**Given data**:
*****

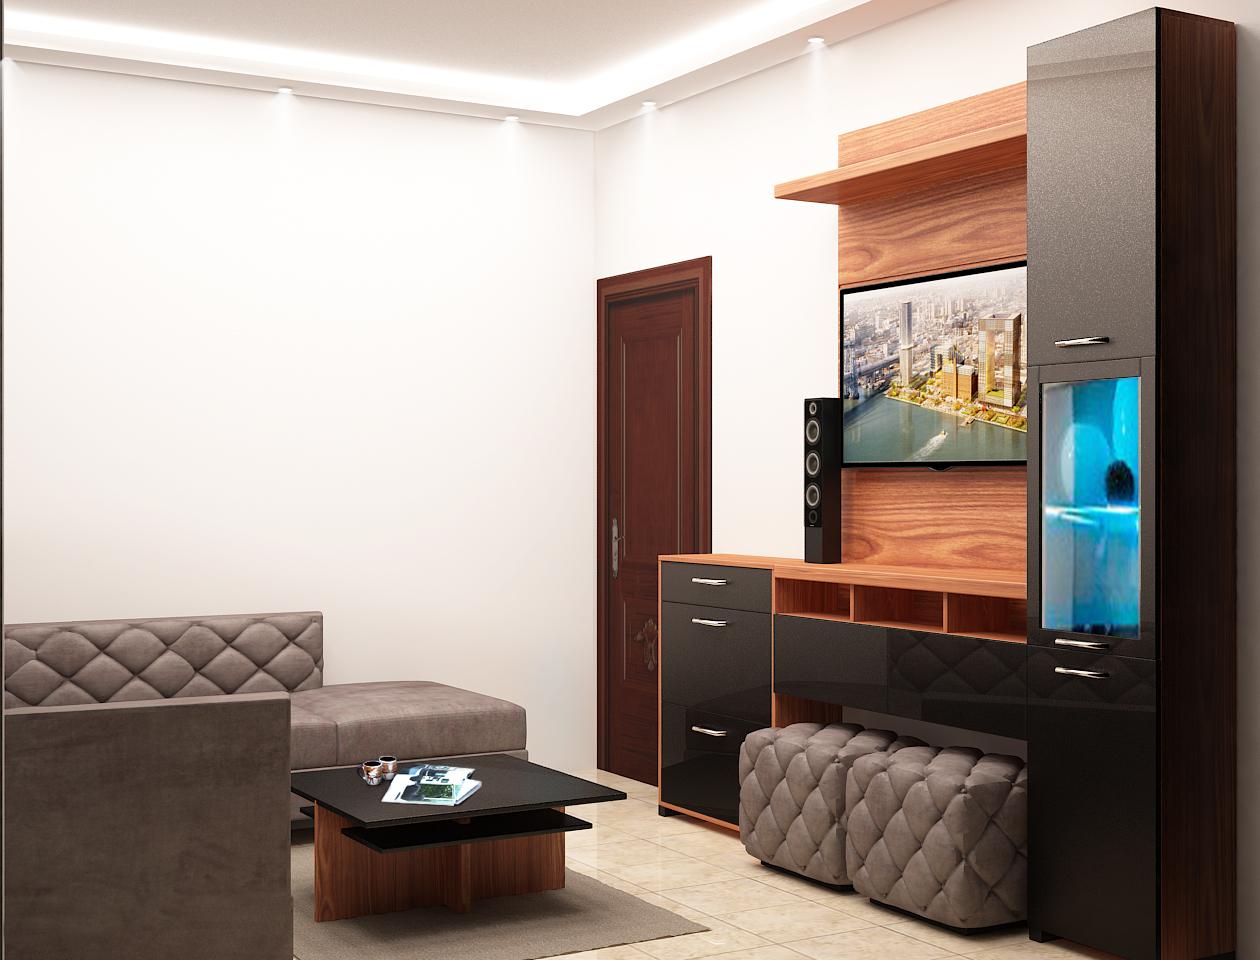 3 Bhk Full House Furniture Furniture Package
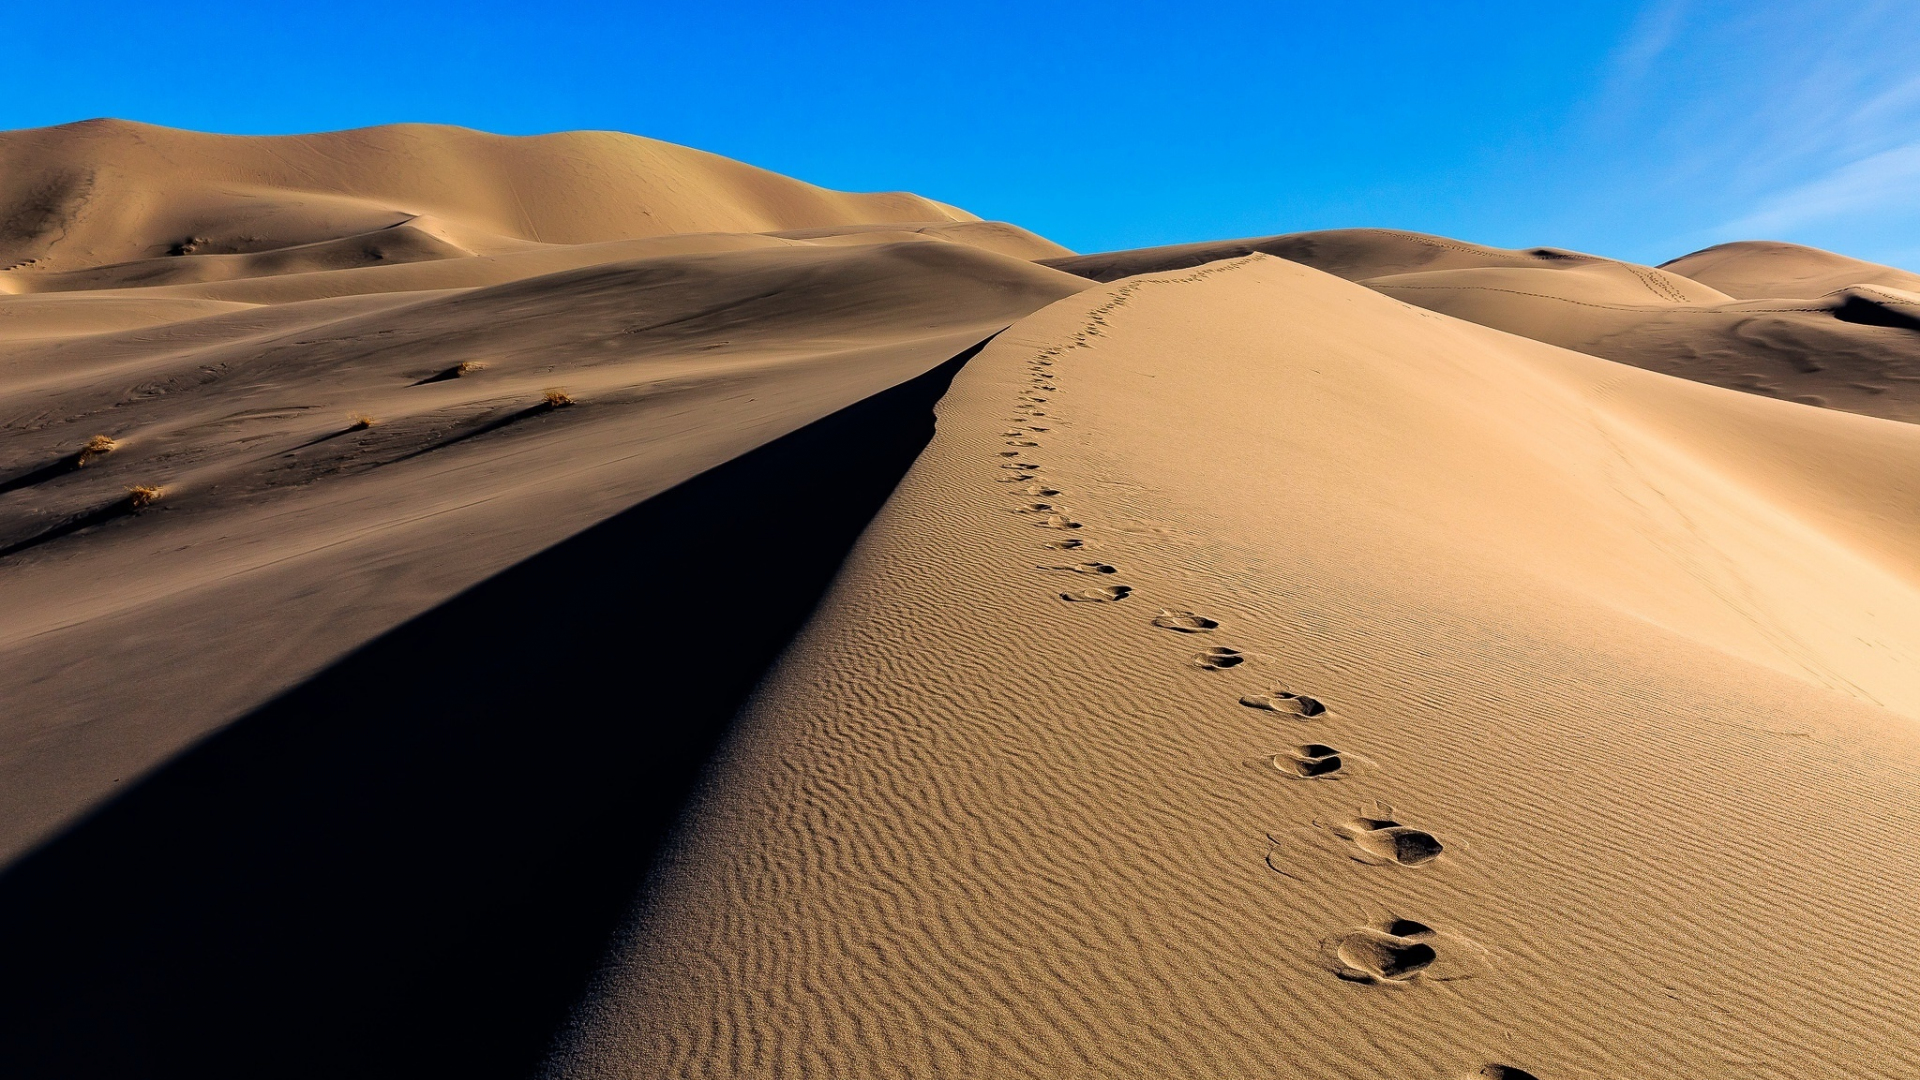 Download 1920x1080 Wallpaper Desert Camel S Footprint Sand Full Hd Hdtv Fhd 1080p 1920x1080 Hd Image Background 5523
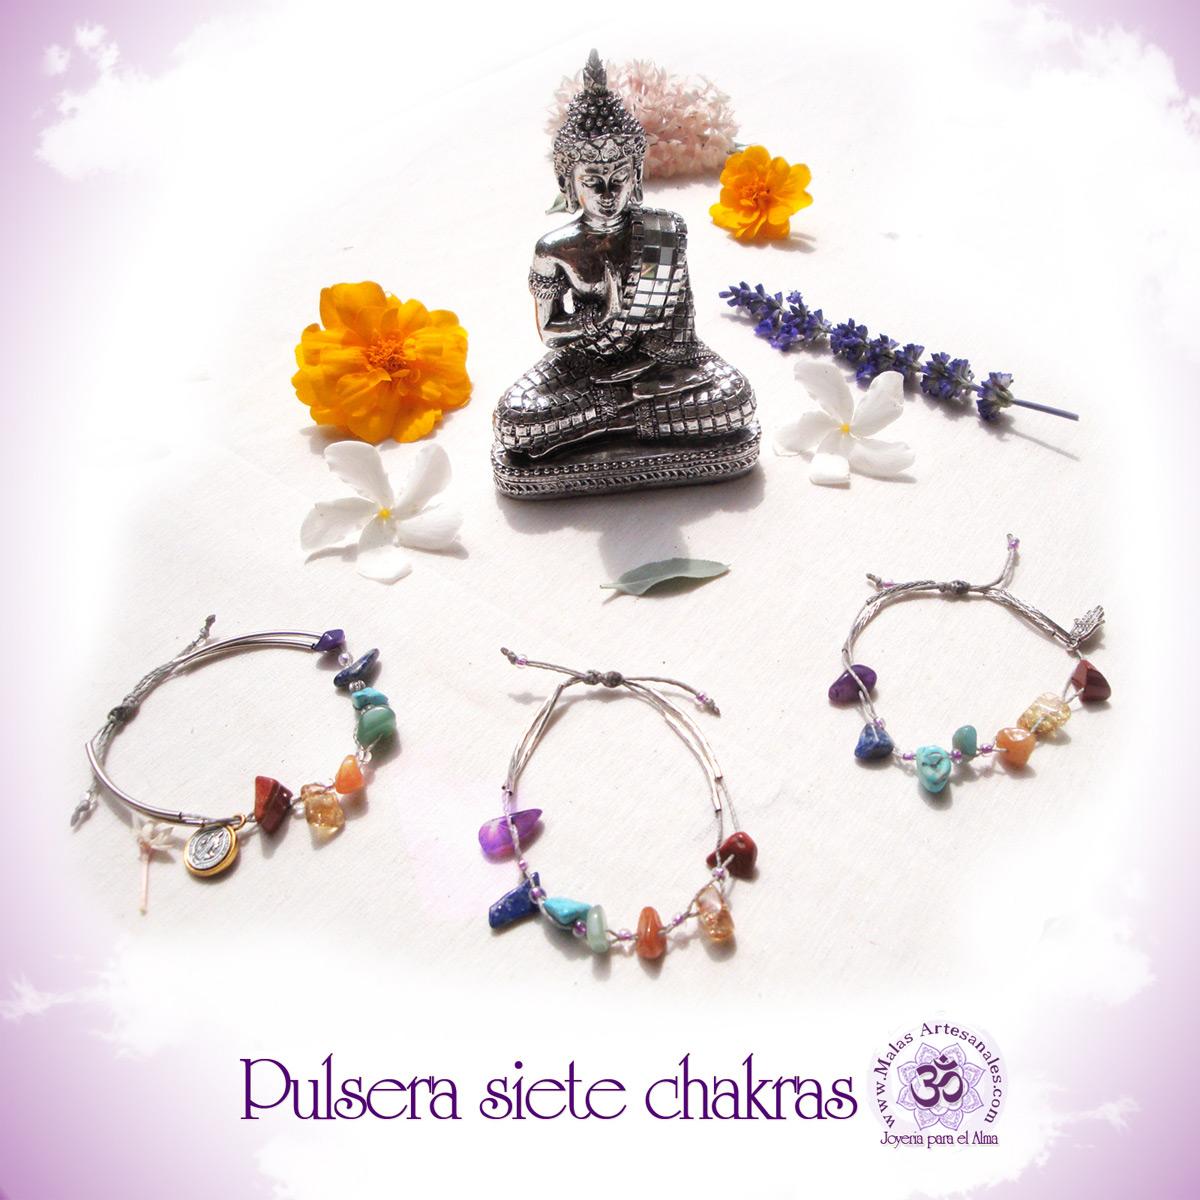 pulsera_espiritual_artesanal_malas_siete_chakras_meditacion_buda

*****

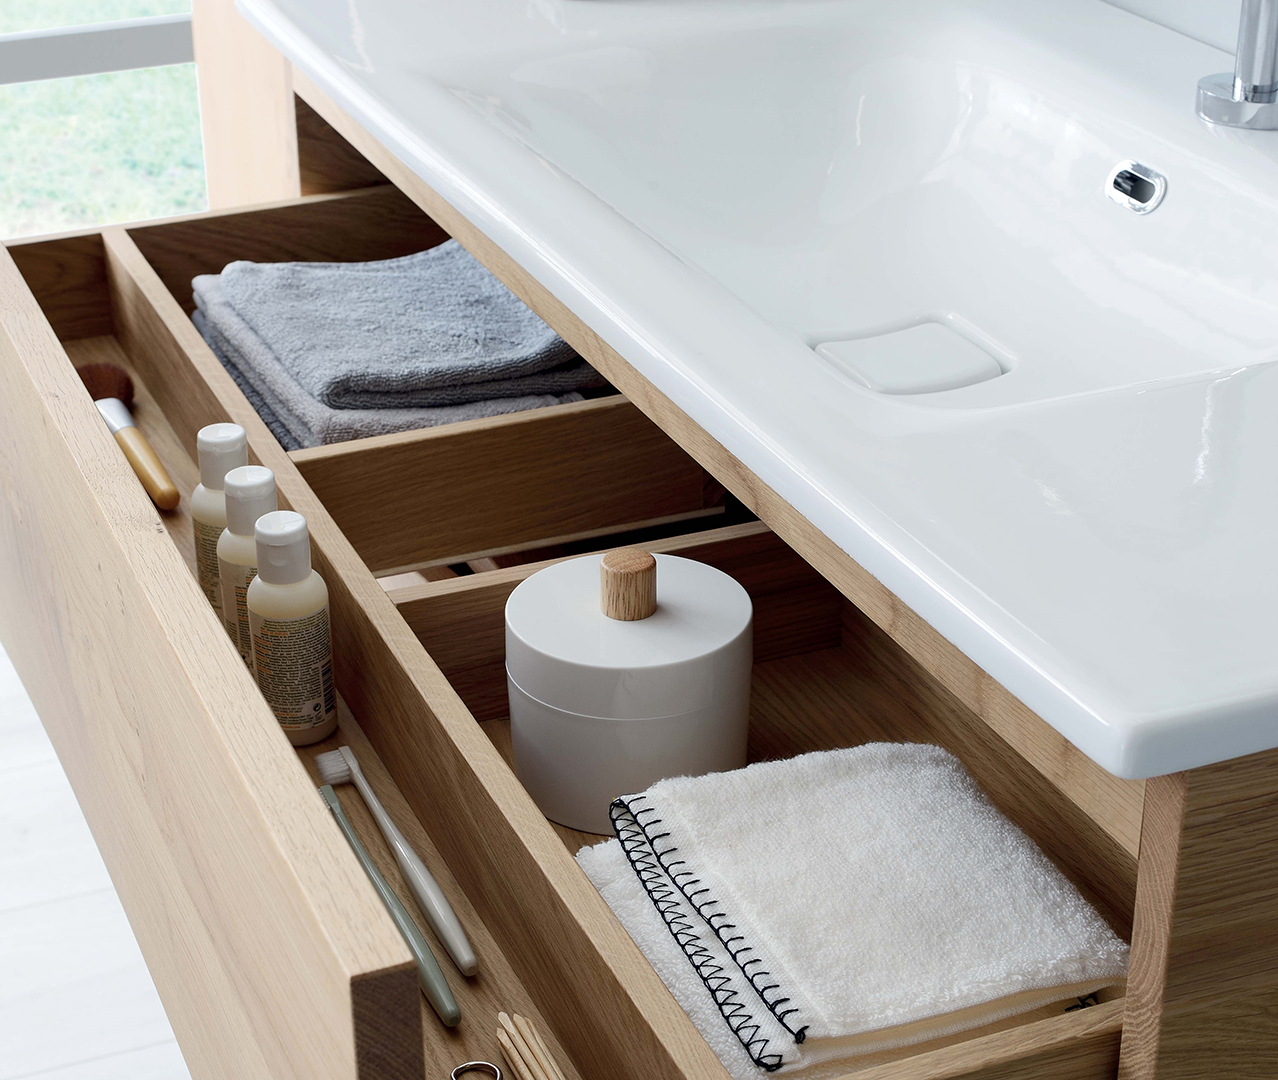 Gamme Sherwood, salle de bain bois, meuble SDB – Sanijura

*****

**Your objective**: Using the data above, transcribe exactly the lines between those containing "3 Bhk Full House Furniture Furniture Package" and "pulsera_espiritual_artesanal_malas_siete_chakras_meditacion_buda", inclusive, and leave every picture behind.

**Task solution**:
 3 Bhk Full House Furniture Furniture Package
 Download 1920x1080 Wallpaper Desert Camel S Footprint Sand Full Hd Hdtv Fhd 1080p 1920x1080 Hd Image Background 5523
 pulsera_espiritual_artesanal_malas_siete_chakras_meditacion_buda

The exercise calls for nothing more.